OMRON Develops Hand Gesture Recognition Technology
OKAO's Facial Image Sensing Technology means Trigger Motion is Unnecessary
Kyoto, Japan - OMRON Corporation (TOKYO:6645)(ADR:OMRNY) announced that the company has developed a new hand gesture recognition technology capable of simultaneously recognizing the position, shape, and motion of a person's hand or finger by referencing a camera-recorded image. By combining this technology with OMRON's core facial image sensing technology, gesture recognition can be started automatically based on the analysis of interrelation between the position or direction of the face and the hand shape or position. While conventional gesture recognition technologies require a trigger motion to start the recognition process, such as waving a hand, OMRON's technology does not require this, allowing more natural interaction with machines based on the interpretation of the user's intention.
Aspects of this new technology will be demonstrated at the Symposium on Sensing via Image Information (SSII 2012) to be held in Pacifico Yokohama from June 6 to 8.

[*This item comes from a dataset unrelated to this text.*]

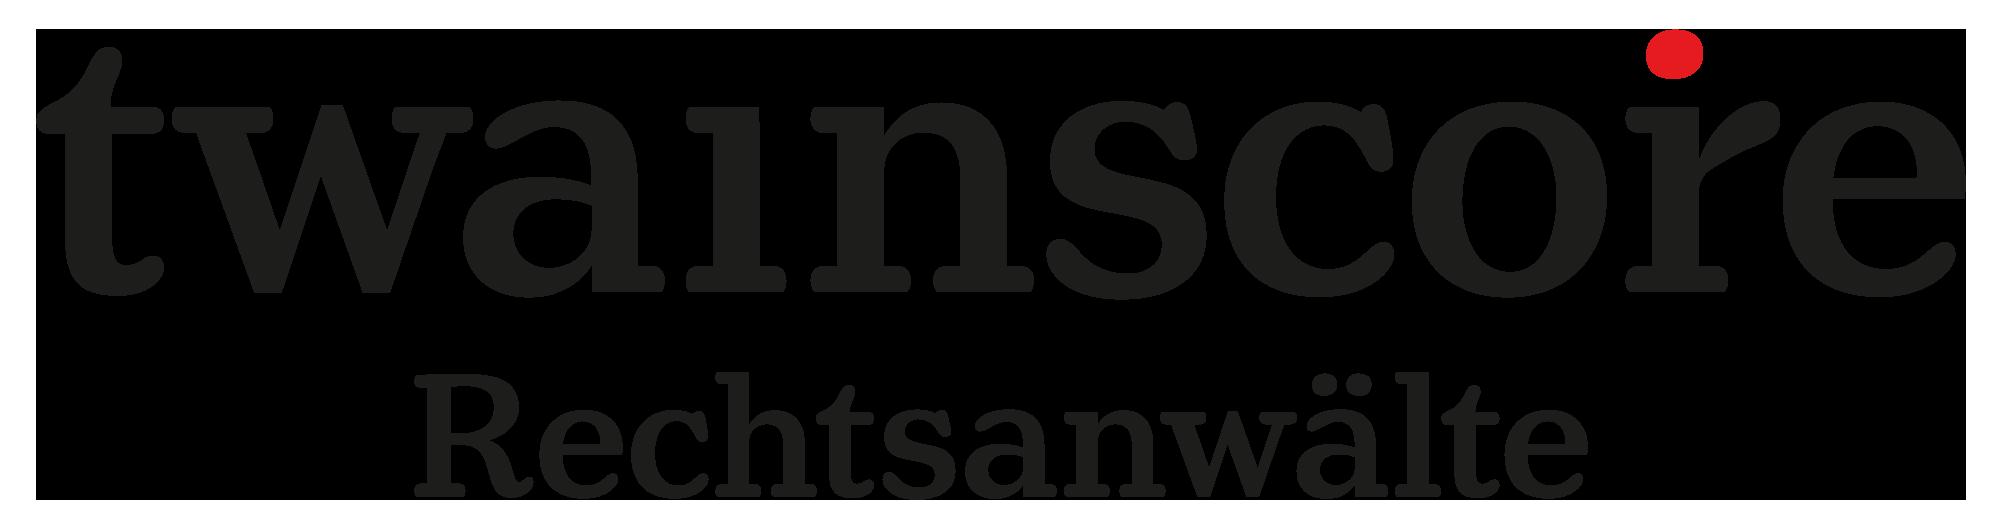 TWAINSCORE Partnerschaft von Rechtsanwälten mbB

In recent years, gesture recognition has been attracting a great deal of attention as a natural human-machine interface. The technology allows users to control or manipulate devices in a more natural manner, such as operating a TV set with hand movements or releasing the shutter of a camera via a hand gesture. OMRON's gesture recognition technology employs a statistical classification method1 and model-fitting technology2, both of which were developed through the company's accumulated expertise over many years. Through the modeling of hand shapes, this new technology enables speedy recognition of gestures using a small amount of memory.
OMRON has been involved with facial recognition with its "OKAO Vision" technology since 1995. This facial image sensing technology is capable of detecting various kinds of information from facial images, and is one of OMRON's core technologies. The developments to date have enabled such functions as face detection, face recognition, smile degree estimation, estimation of gaze direction, detection of the degree of mouth or eye opening, and estimation of age and gender. These developments led to the employment of "OKAO Vision" for the auto-focus function of digital cameras and smartphones, as well as the skin beautification function of printers, image management for personal computers, and many other applications.

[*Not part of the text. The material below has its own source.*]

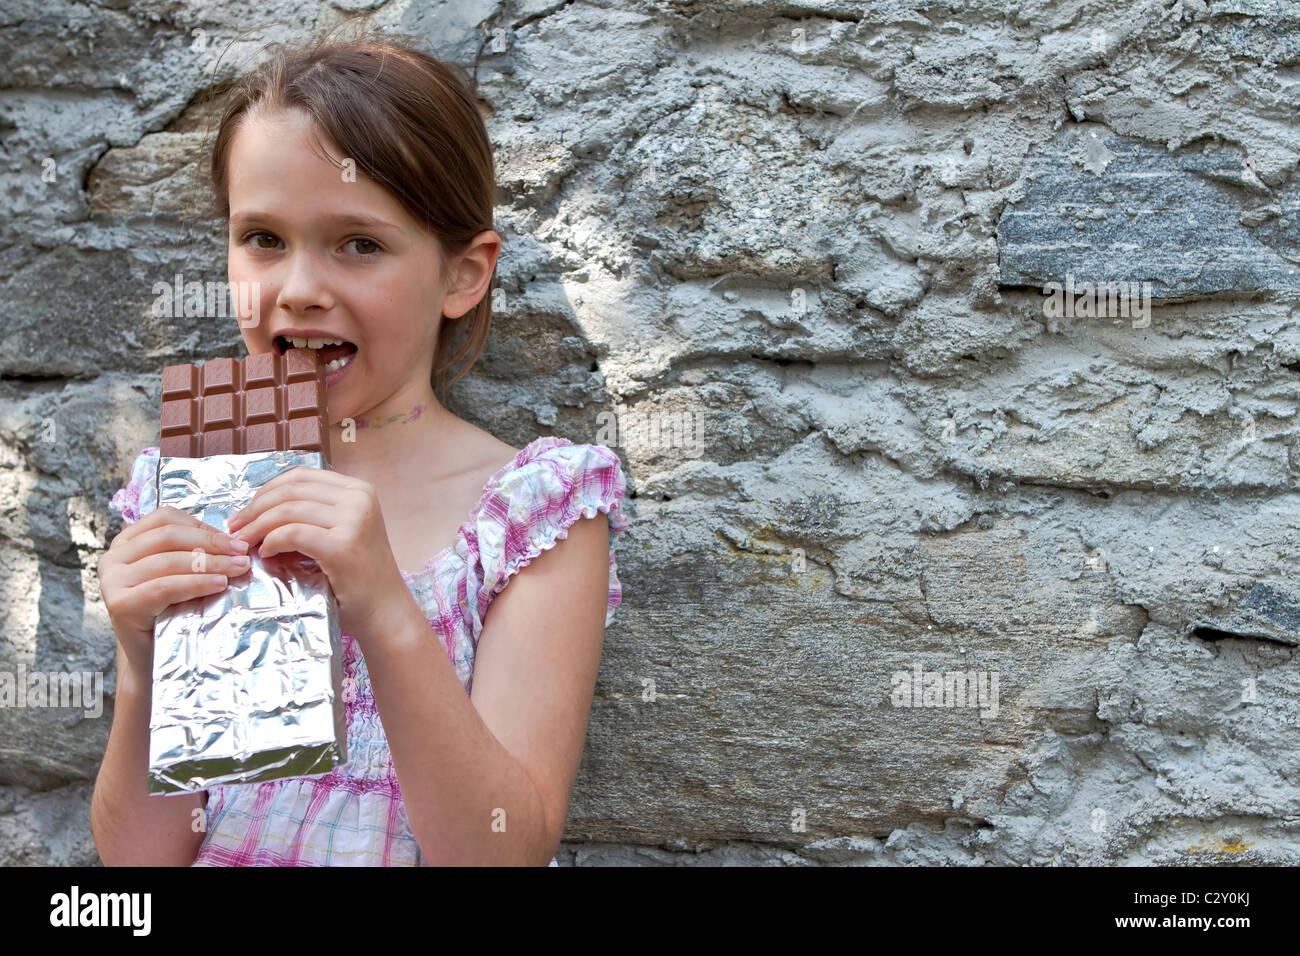 Mädchen, die Schokolade zu essen Stockbild

OMRON will further advance its image sensing technology for detecting faces and recognizing human movements, aiming to create technology to correctly interpret the intention of users, such as judging what they are trying to do through the analysis of gestures.
1. Trigger motion is not necessary thanks to facial image sensing technology.
2. Hand or finger position, shape and movements can be recognized simultaneously.
3. Hand gesture detection ranges from very near (about 10cm) to far (several meters).
4. High-speed recognition is enabled on smartphones and tablets.
5. Small program size makes it possible to embed the technology in a diverse range of devices.